What is being asked: Copy everything in the records, character for character, except images.

Supplied data:
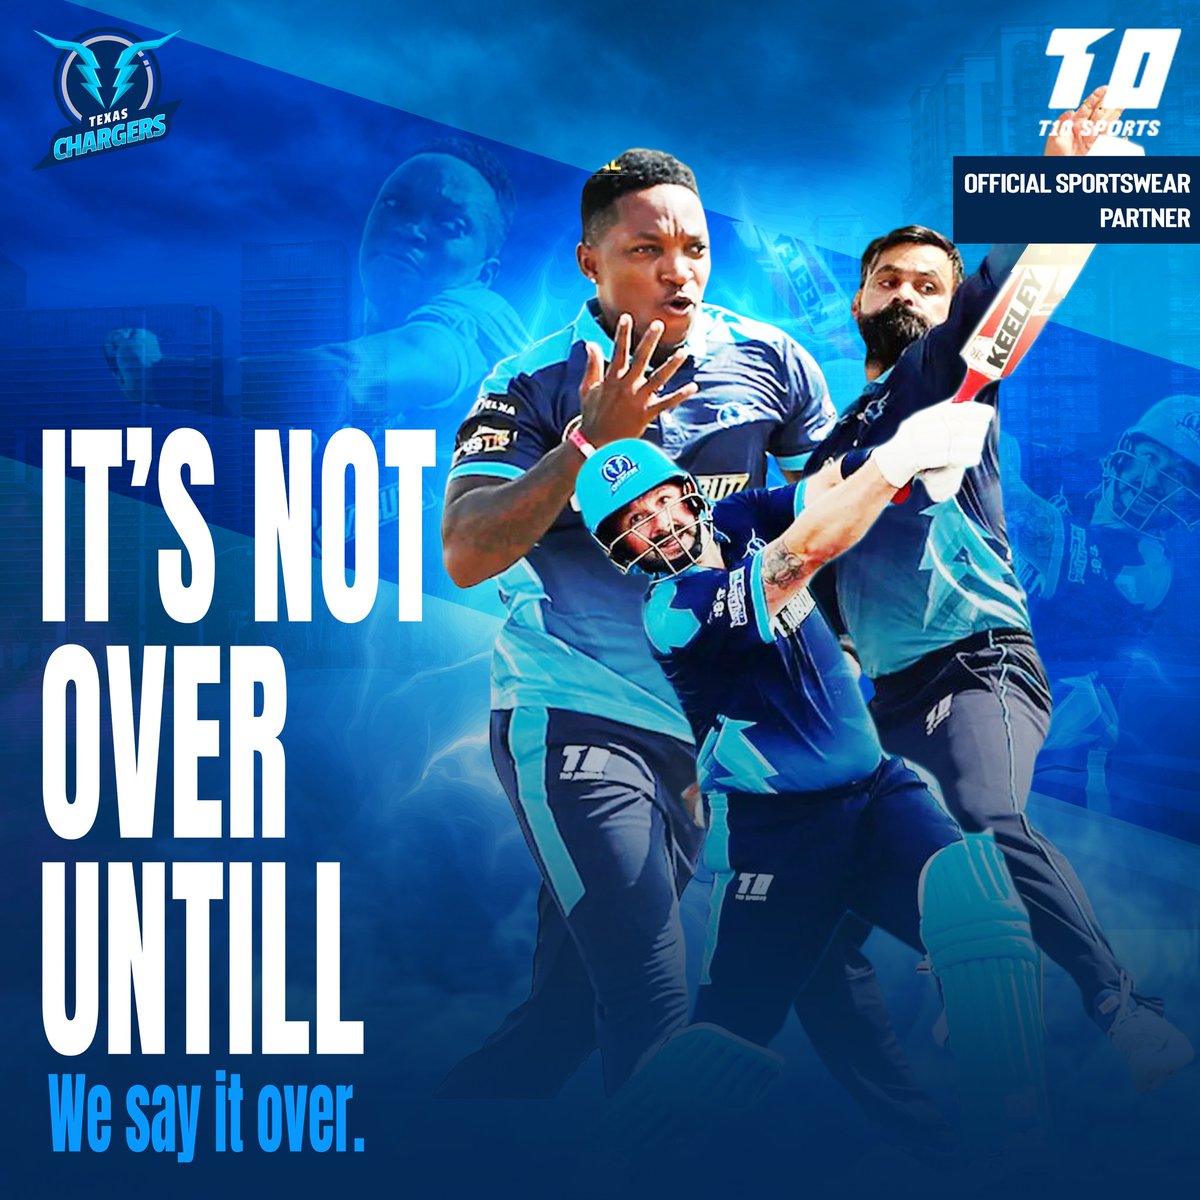 Chargers, amp up! ⚡⚡

We are not done yet. 😤 💪

It’s now or never. Let’s go Chargers! ⚡💪

T10 Sports - Official Sportswear Partner.

@TChargerst10

#TaxasChargers #USACricket #USMastersT10 #ChargingtoVictory #Cricket #USAMasters #Sports #T10 #T10sports
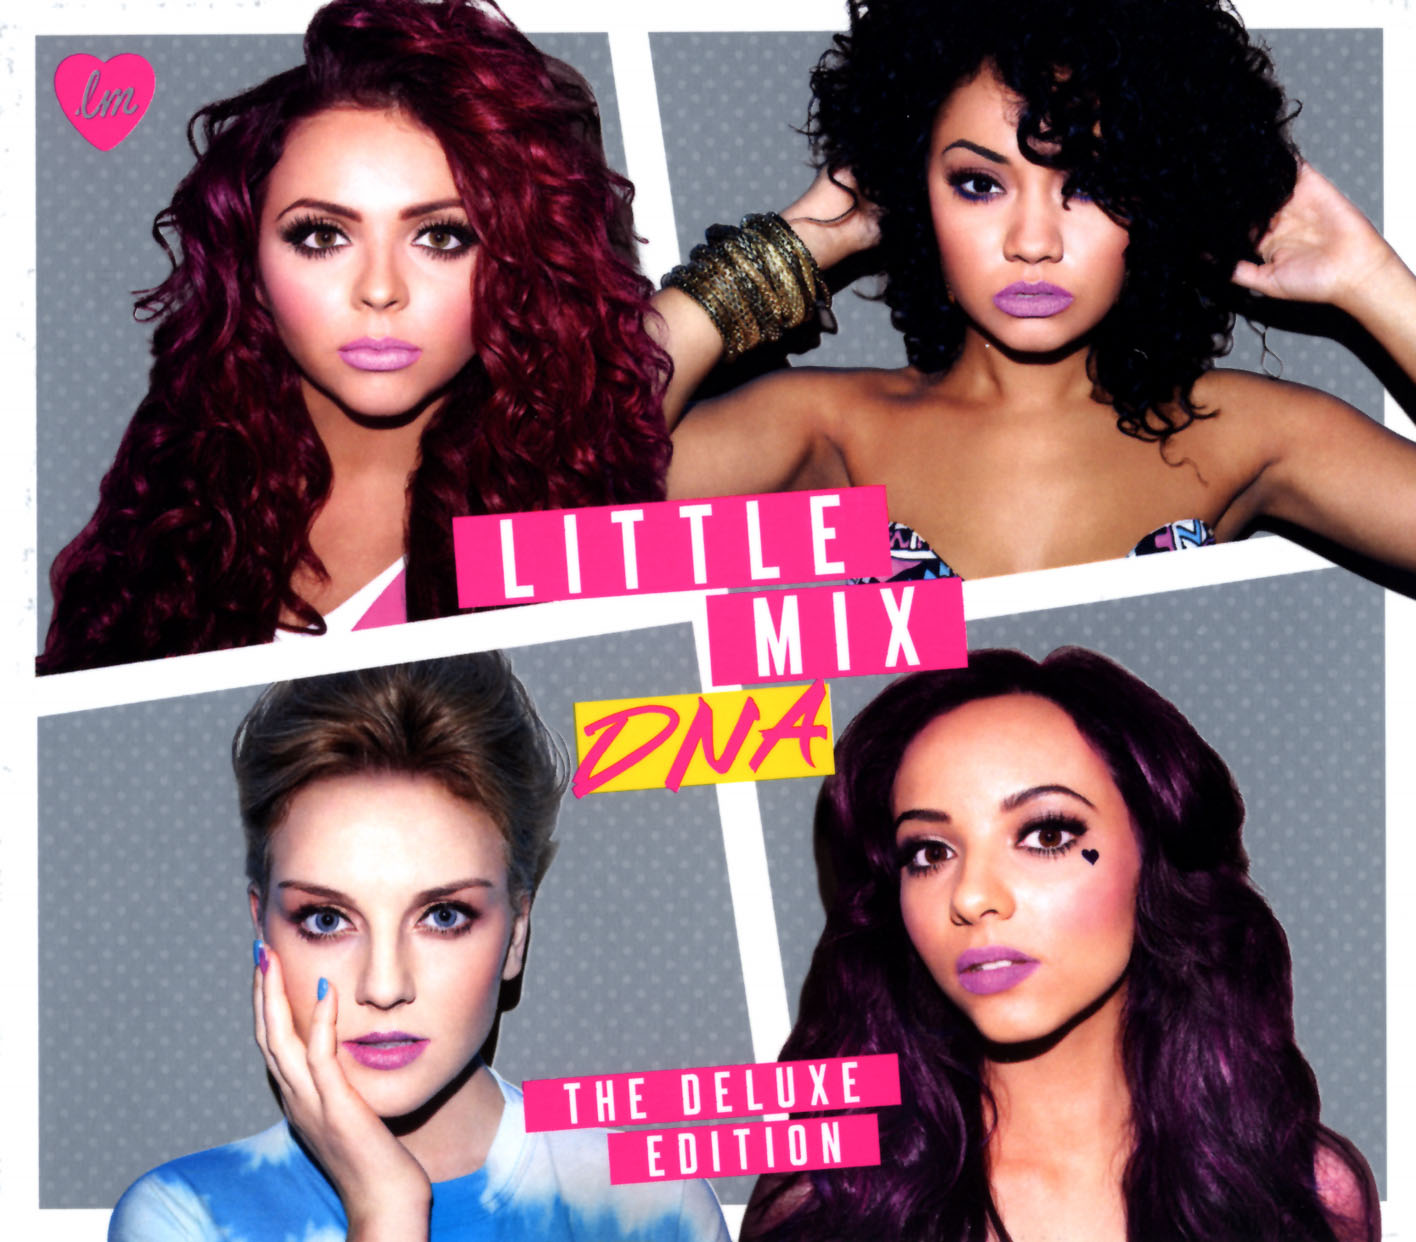 DNA: The Deluxe Edition
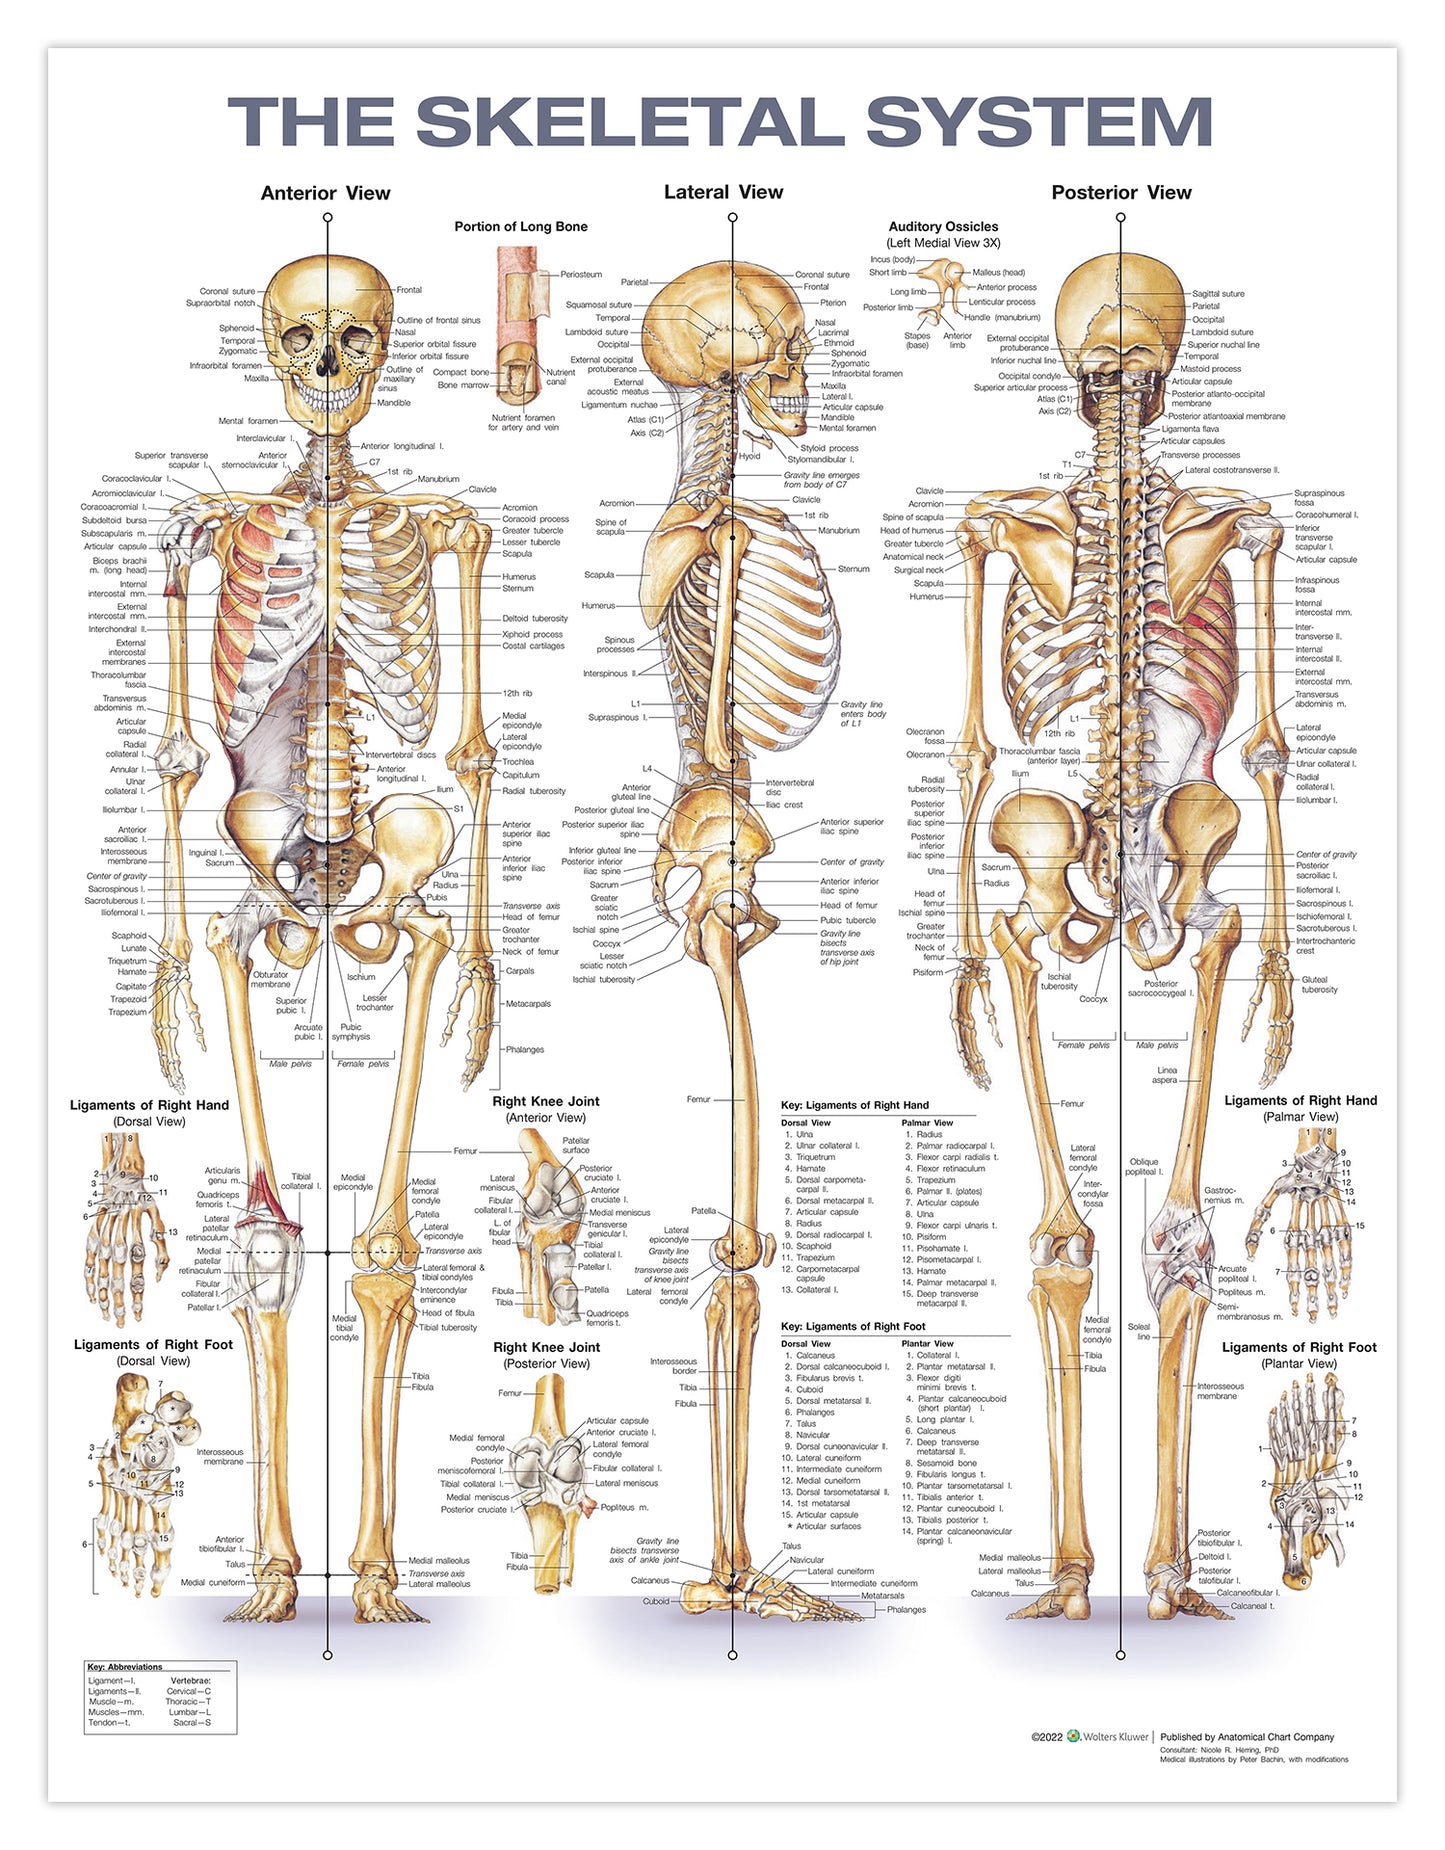 Classic skeleton poster which also illustrates ligaments in English

Response for this exercise:
 Chargers, amp up! ⚡⚡

We are not done yet. 😤 💪

It’s now or never. Let’s go Chargers! ⚡💪

T10 Sports - Official Sportswear Partner.

@TChargerst10

#TaxasChargers #USACricket #USMastersT10 #ChargingtoVictory #Cricket #USAMasters #Sports #T10 #T10sports
 DNA: The Deluxe Edition
 Classic skeleton poster which also illustrates ligaments in English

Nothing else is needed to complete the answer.